▶ **Data section**:
++++++

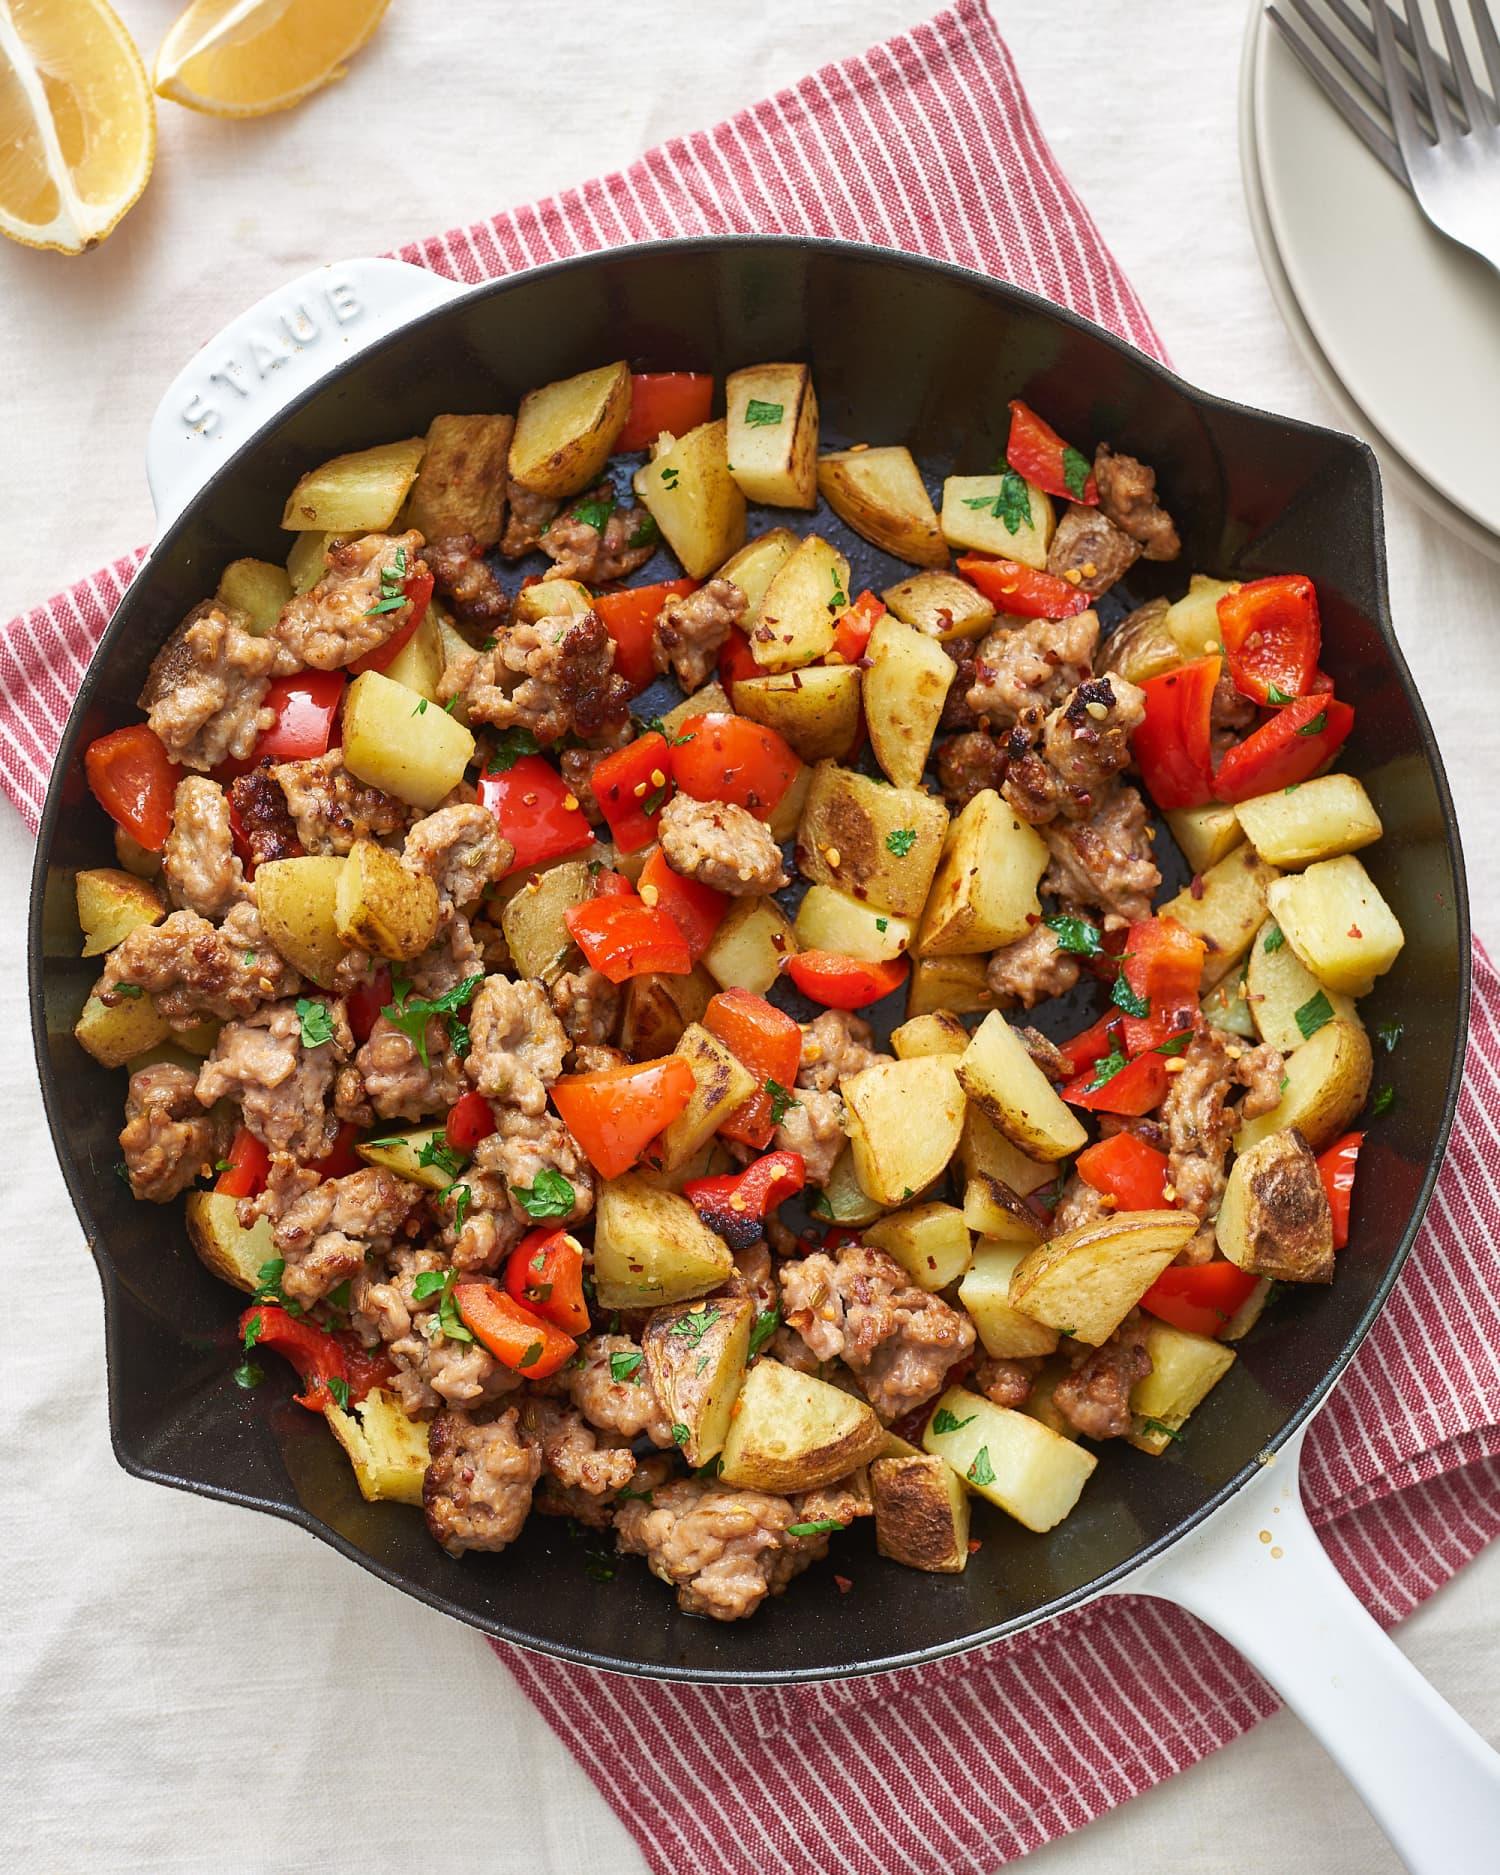 14 Breakfast Potato Recipes to Start Your Morning Right
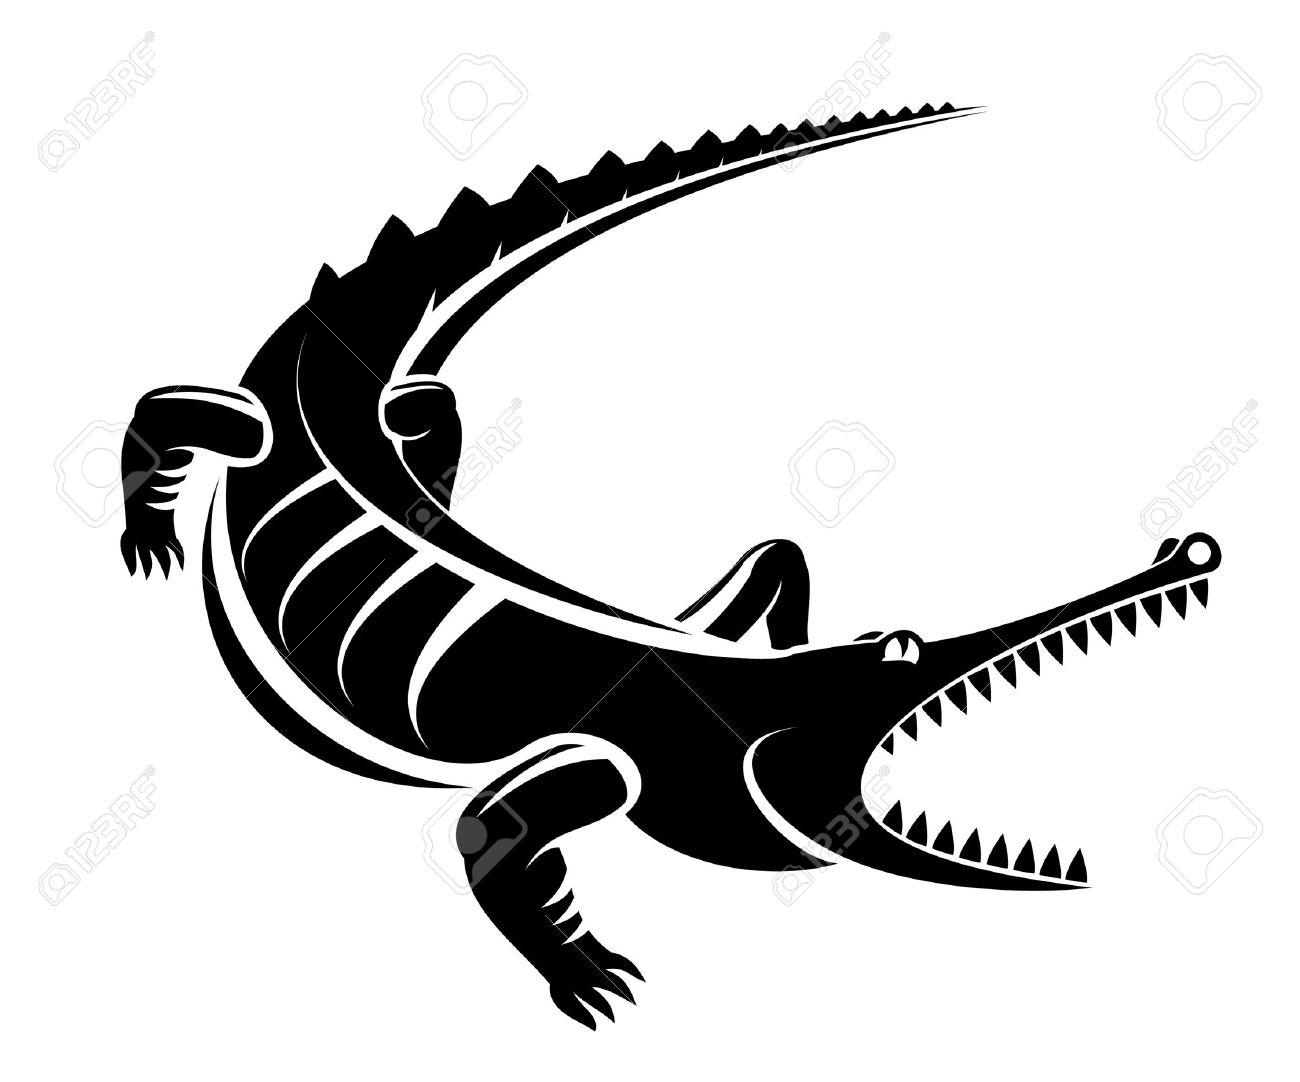 Isolated Shape Of Crocodile As A Mascot Stock Vector
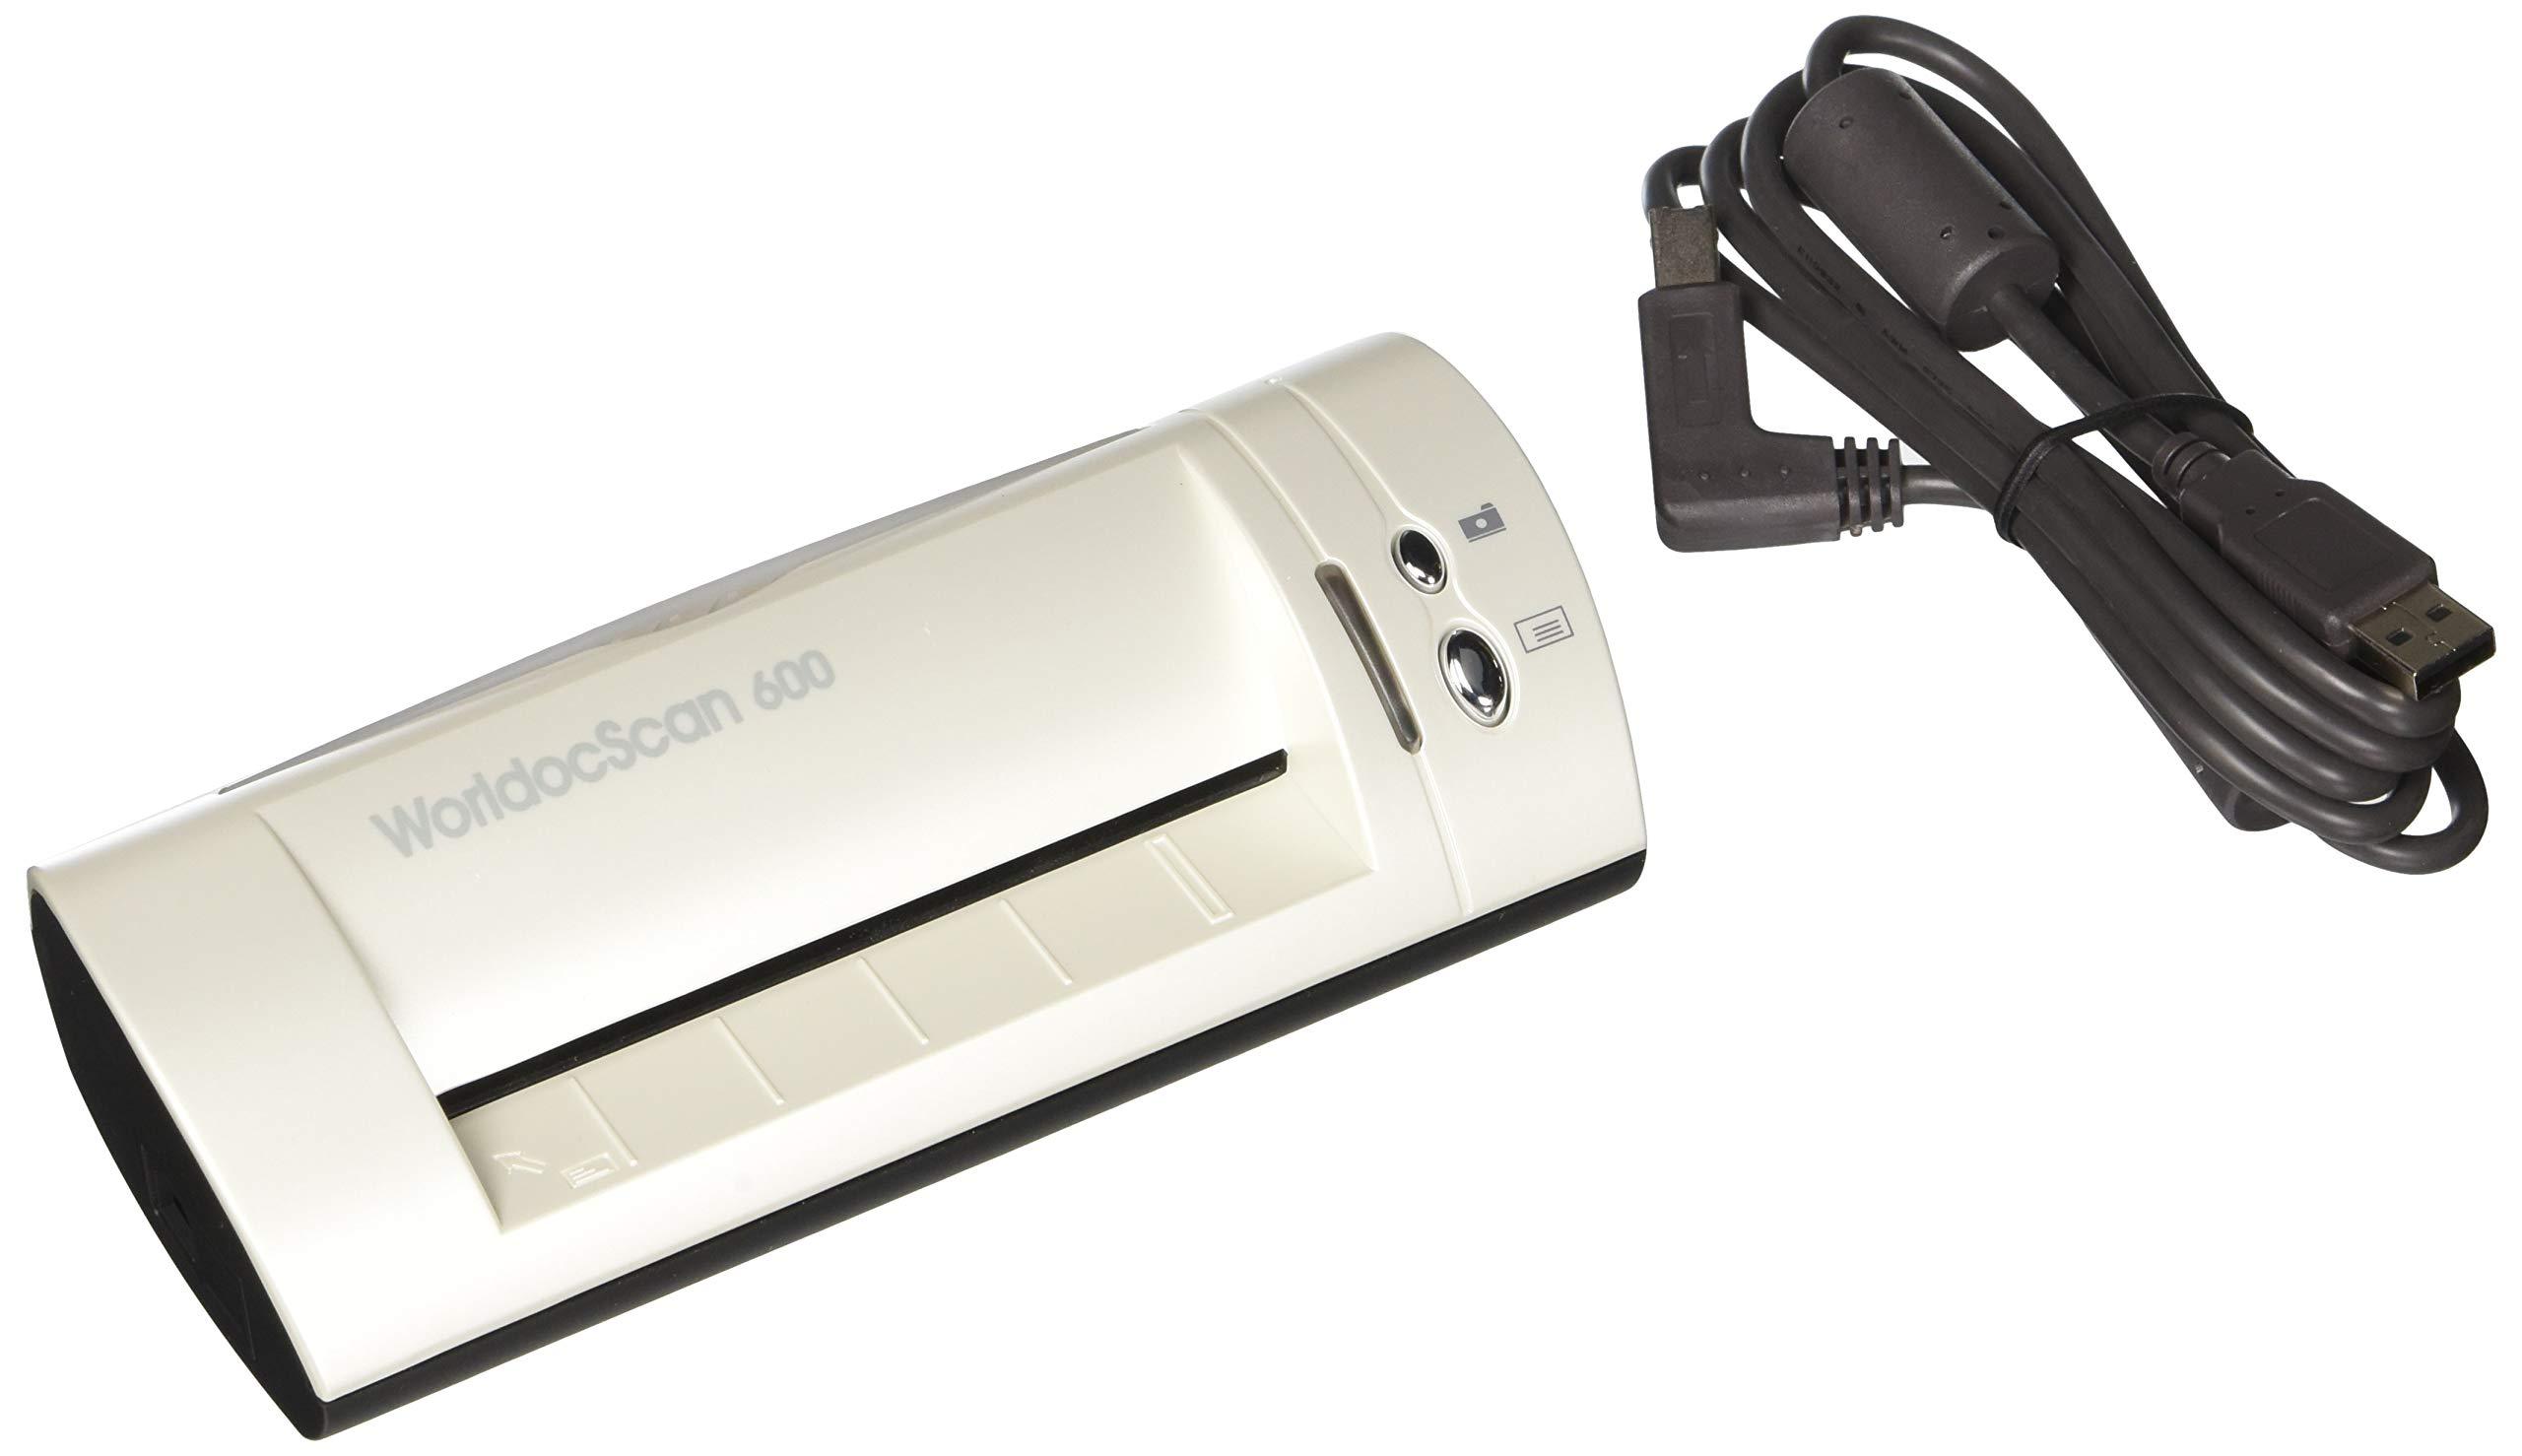 Penpower Portable Color ID Card Scanner (Penpower WorldocScan 600)

++++++

▶ **Exercise instructions**:
Transcribe the material exactly, keeping every word and none of the pictures.

▶ **Written reply**:
 14 Breakfast Potato Recipes to Start Your Morning Right
 Isolated Shape Of Crocodile As A Mascot Stock Vector
 Penpower Portable Color ID Card Scanner (Penpower WorldocScan 600)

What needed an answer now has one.